That's exactly what Elon has said. He's said that 99.99% of all vehicle miles ar...

croes · on June 15, 2024

That's not the same. Elon thinks if he gets the right training data he gets rid of the dangerous 1% of errors.

But that is not the case if it's a general problem of the used AI.

forgot-im-old · on June 15, 2024

Right, getting more corner cases training data won't solve an architecture problem. AI in general quickly impresses when it's mostly right but improving from there is the challenge.

throwaway7ahgb · on June 15, 2024

What are you using for "AI"? AI is a buzzword, unless you know specifically how they are using it, you can't make this claim.

Many marketing teams are just using AI when it is really ML doing the work, or it could be both.

croes · on June 15, 2024

There is no claim just a fact.

More data won't help if the problem is the tools as such.

Grandparent said the hard part is getting rid of the last 1%, parent claimed Elon said the dame when he said 99.99% of the trait data is useless.

But it's not the same. Elon thinks he just needs the right data to solve the problem but it could be impossible even if he gets the data because of the limitations of the used type of AI.

If you need a screwdriver but only have a hammer more nails won't help.

AI is here used by me as an umbrella term for computer decision systems.

what-the-grump · on June 15, 2024

And yet on a very simple drive I have to intervene 4-6 times over a distance of 8 miles. How is this not useful? It would have been easier to ask people to record how to drive roads by now and use video game track logic where you race a ghost by now…

The only time fsd works ‘ok’, single lane roads with 90 degree stop signs / turns.
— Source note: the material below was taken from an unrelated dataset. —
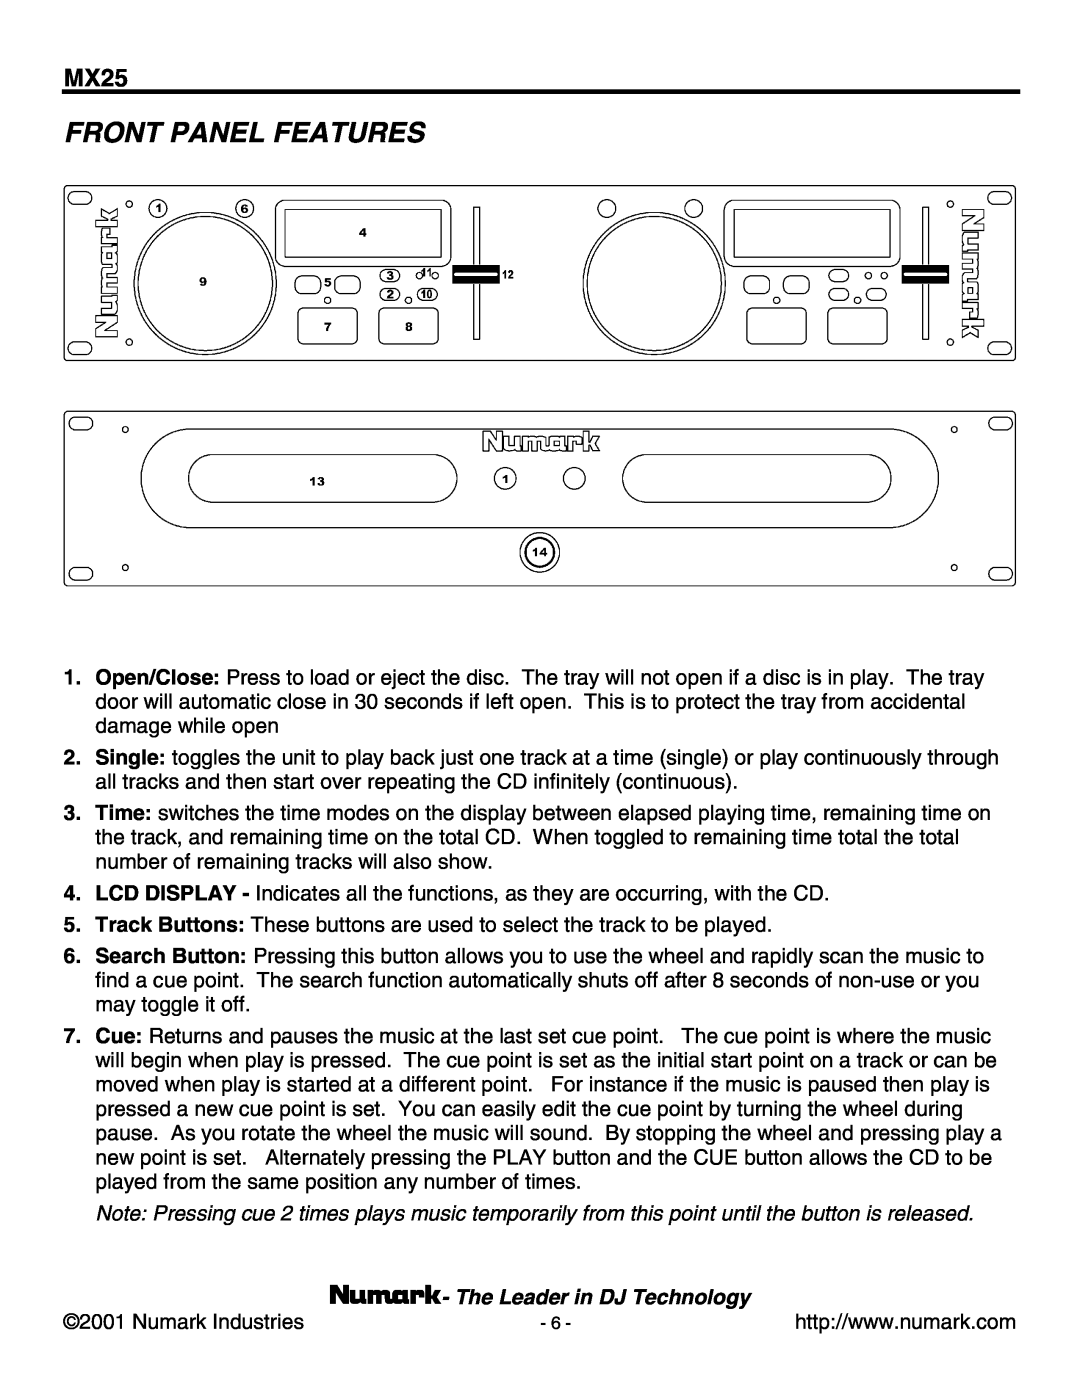 Numark Industries MX25 manual Front Panel Features, The Leader in DJ Technology 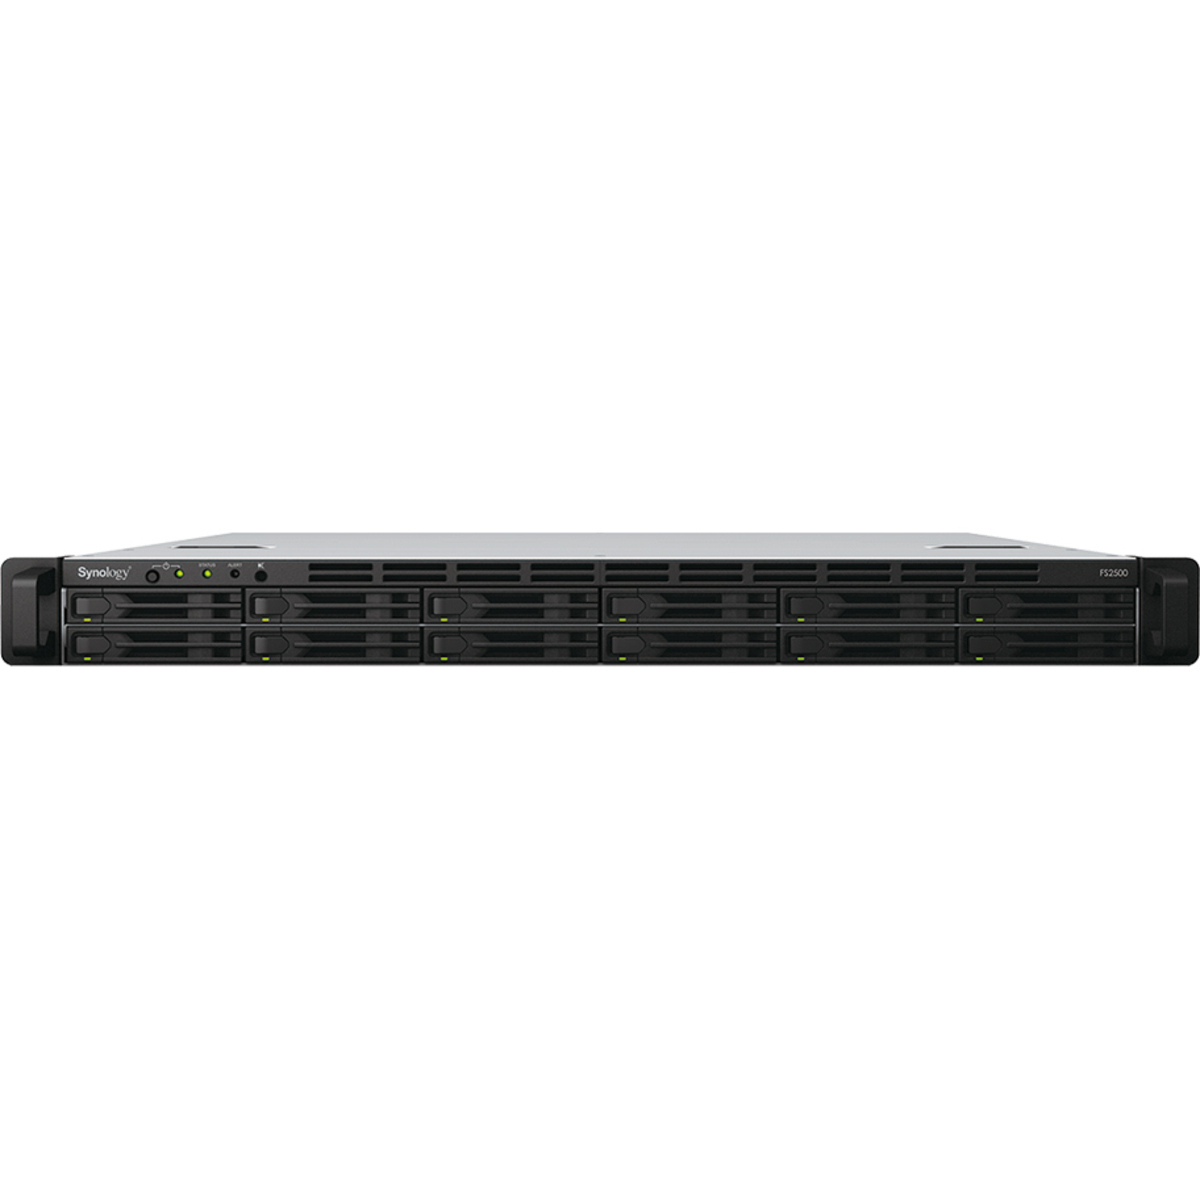 Synology FlashStation FS2500 30.7tb 12-Bay RackMount Large Business / Enterprise NAS - Network Attached Storage Device 8x3.8tb Synology SAT5210 Series SAT5210-3840G 2.5 530/500MB/s SATA 6Gb/s SSD ENTERPRISE Class Drives Installed - Burn-In Tested - FREE RAM UPGRADE FlashStation FS2500

I don’t believe that the current hardware can handle what is needed to have passable FSD for an average consumer.

georgeg23 · on June 15, 2024

So isn't that a deep problem to his FSD architecture?

acchow · on June 15, 2024

No. For the easy 99.999% of driving they keep very little of the training data.

Basically you want to minimize manual interventions (aka disengagements). When the driver intervenes, they keep a few seconds before (30 seconds?) and after that intervention and add that to the training data.

So their training data is basically just the exceptional cases.

They need to just make sure they don’t overfit so that the learned model actually does have some “understanding” of why decisions are made and can generalize.

forgot-im-old · on June 15, 2024

It's not clear that a bunch of cascaded rectified linear functions will every generalize to near 100%. The error floor is at a dangerous level regardless of training. AGI is needed to tackle the final 1%>

red75prime · on June 15, 2024

The universal approximation theorem disagrees. The question is how large the network should be and how much training data it needs. And for now it can only be tested experimentally.

forgot-im-old · on June 15, 2024

The universal approximation theorem does not apply once you include any realistic training algorithms / stochastic gradient descent. There isn't a learnability guarantee.

red75prime · on June 15, 2024

There's no theorem that SGD is insufficient. So, as I said, it's empirical.

forgot-im-old · on June 16, 2024

You said it only depends on network size, I'm saying it more likely is impossible regardless of network size due to fundamental limits in training methods.